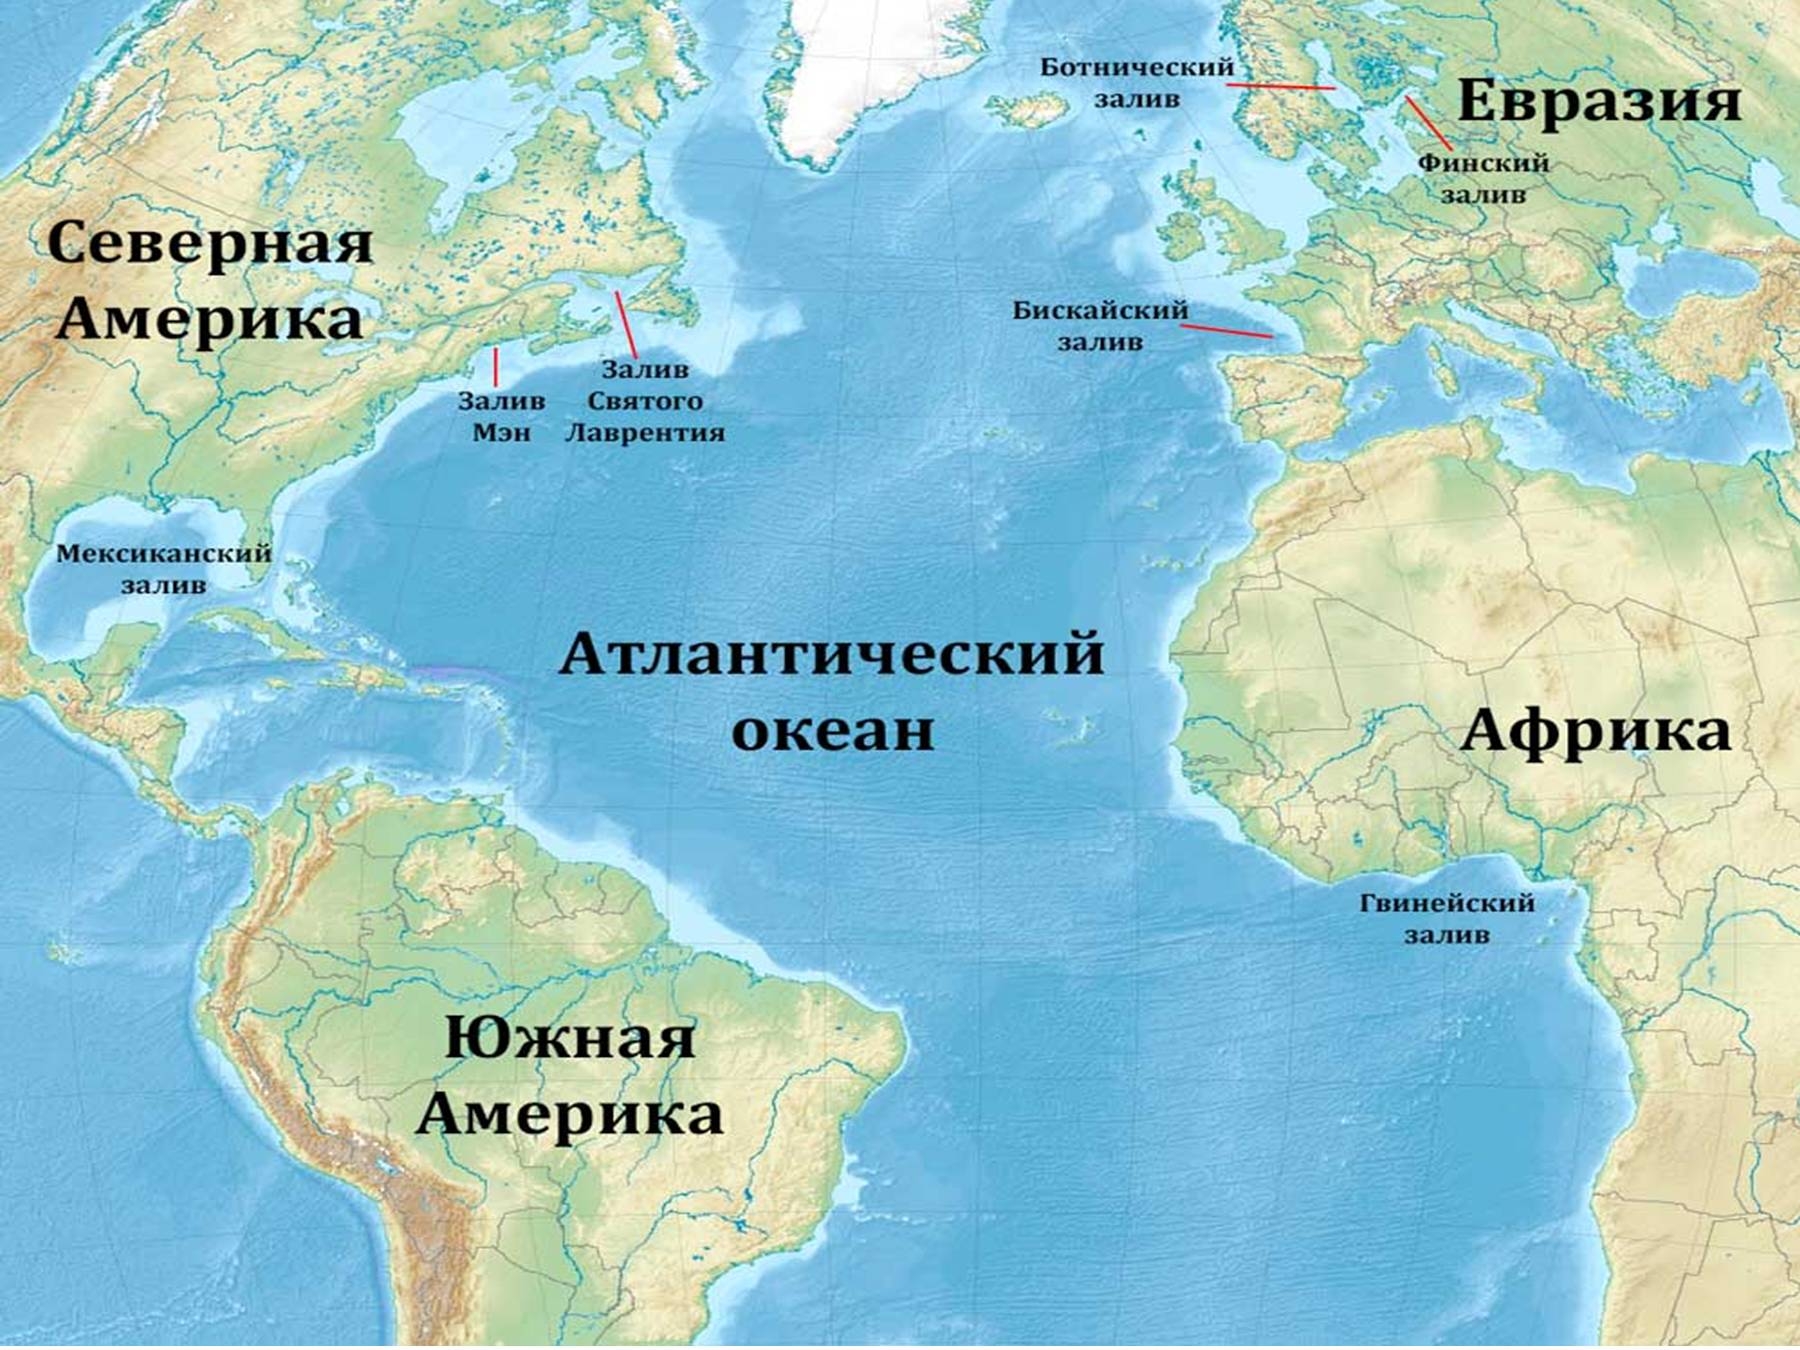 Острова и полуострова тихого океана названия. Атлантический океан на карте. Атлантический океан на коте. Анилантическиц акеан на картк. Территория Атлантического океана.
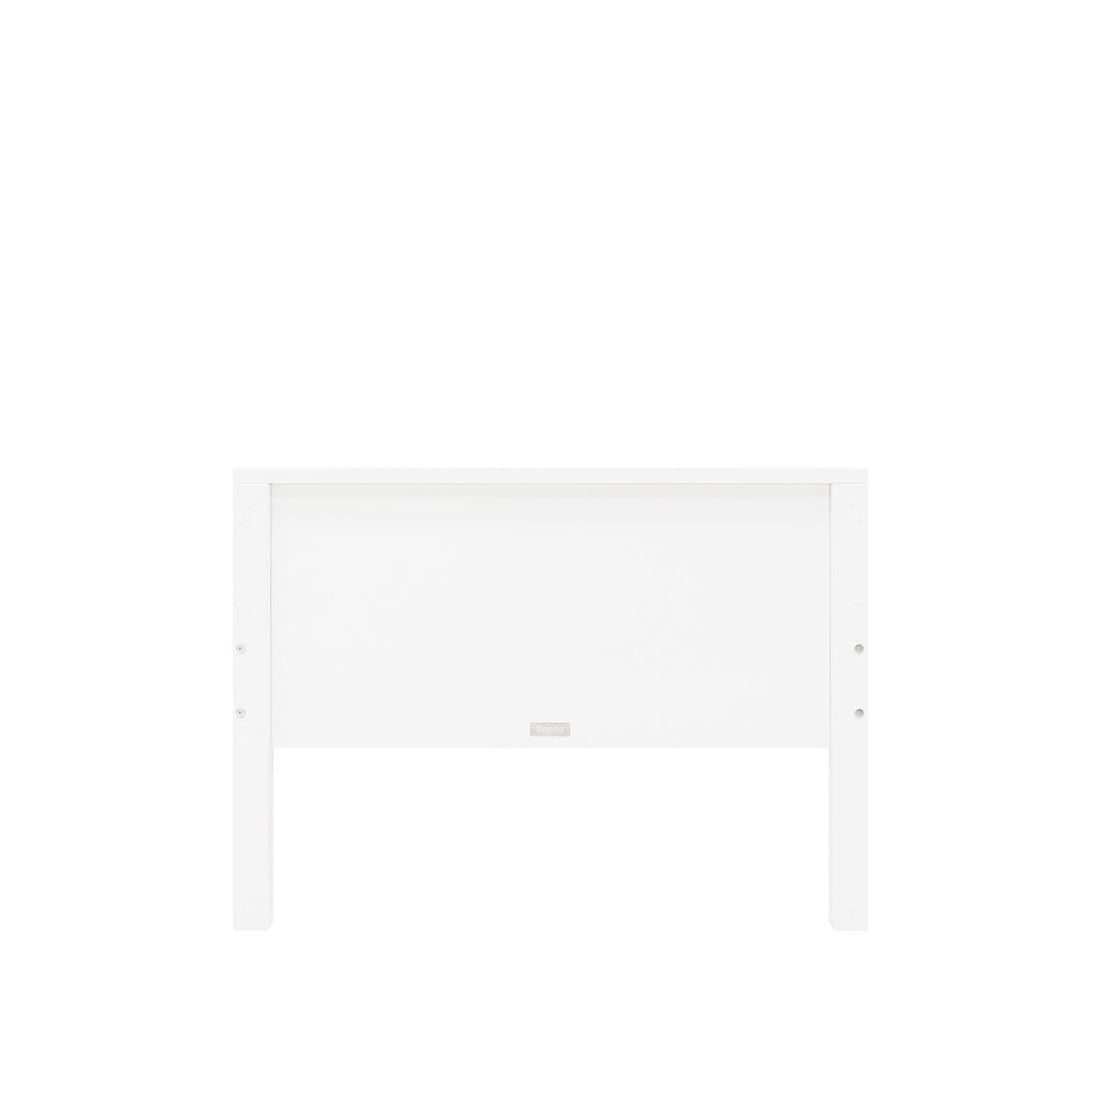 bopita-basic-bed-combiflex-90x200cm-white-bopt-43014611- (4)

* * *

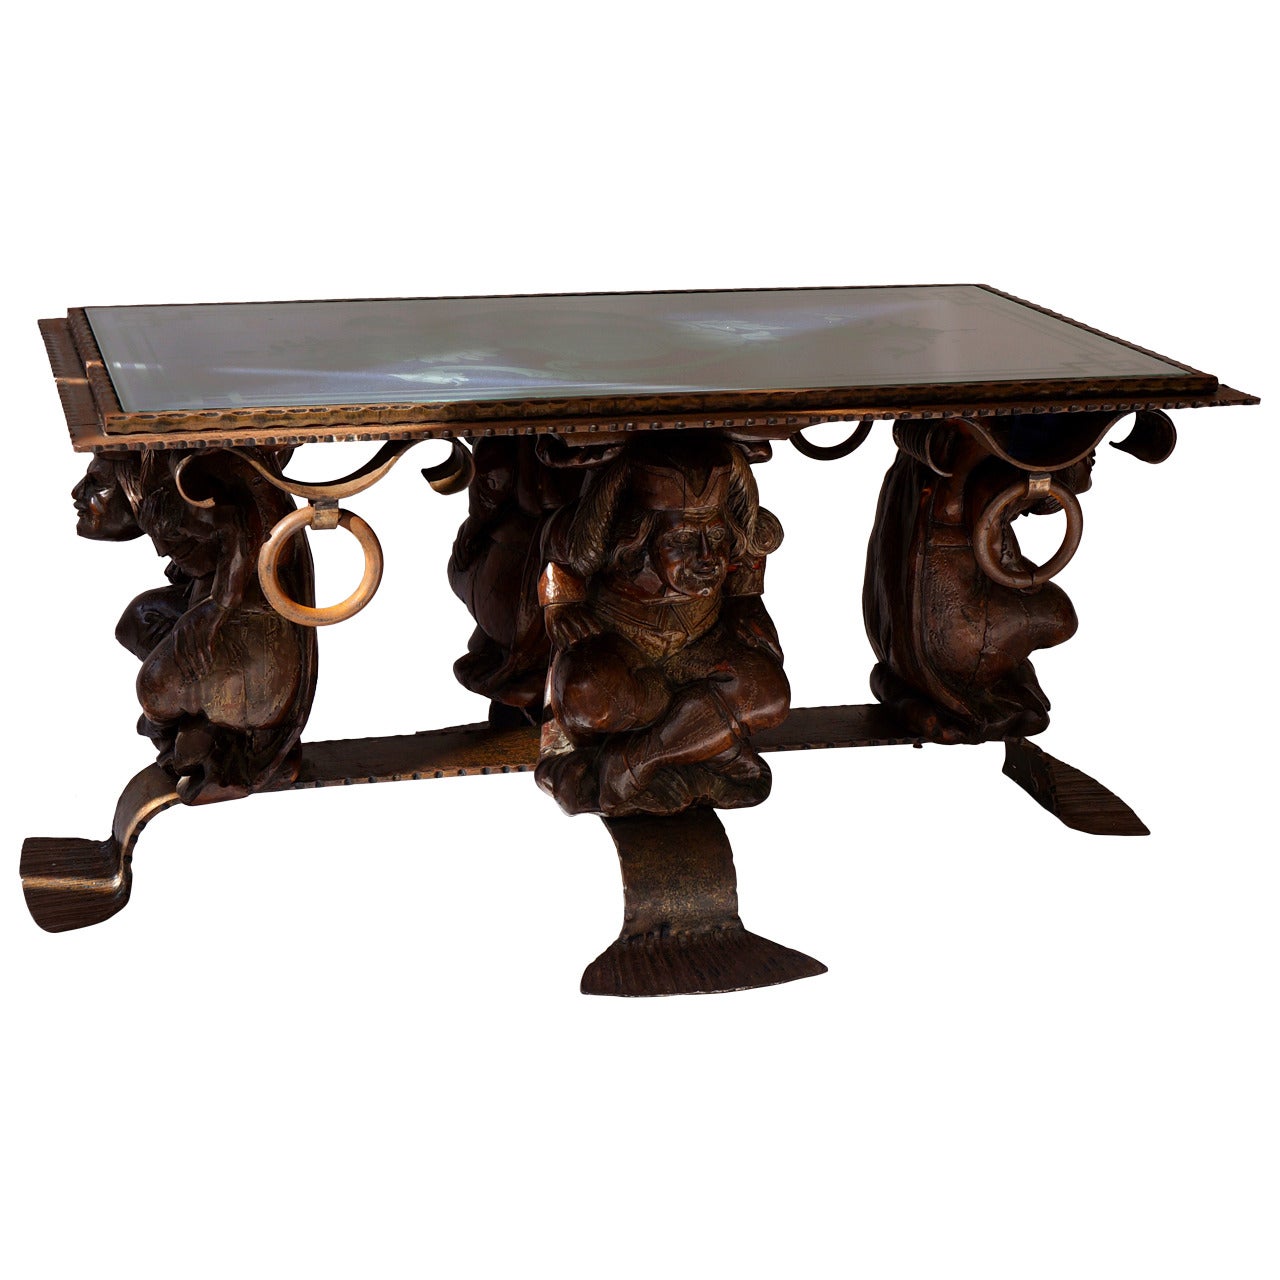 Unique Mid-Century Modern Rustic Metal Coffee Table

* * *

Your reply should hold nothing but the lines above, from the one containing "Острова и полуострова" to the one containing "bopita-basic-bed-combiflex-90x200cm-white-bopt-43014611- (4)", reproduced exactly minus the pictures.

= Solution for this problem =
 Острова и полуострова тихого океана названия. Атлантический океан на карте. Атлантический океан на коте. Анилантическиц акеан на картк. Территория Атлантического океана.
 bopita-basic-bed-combiflex-90x200cm-white-bopt-43014611- (4)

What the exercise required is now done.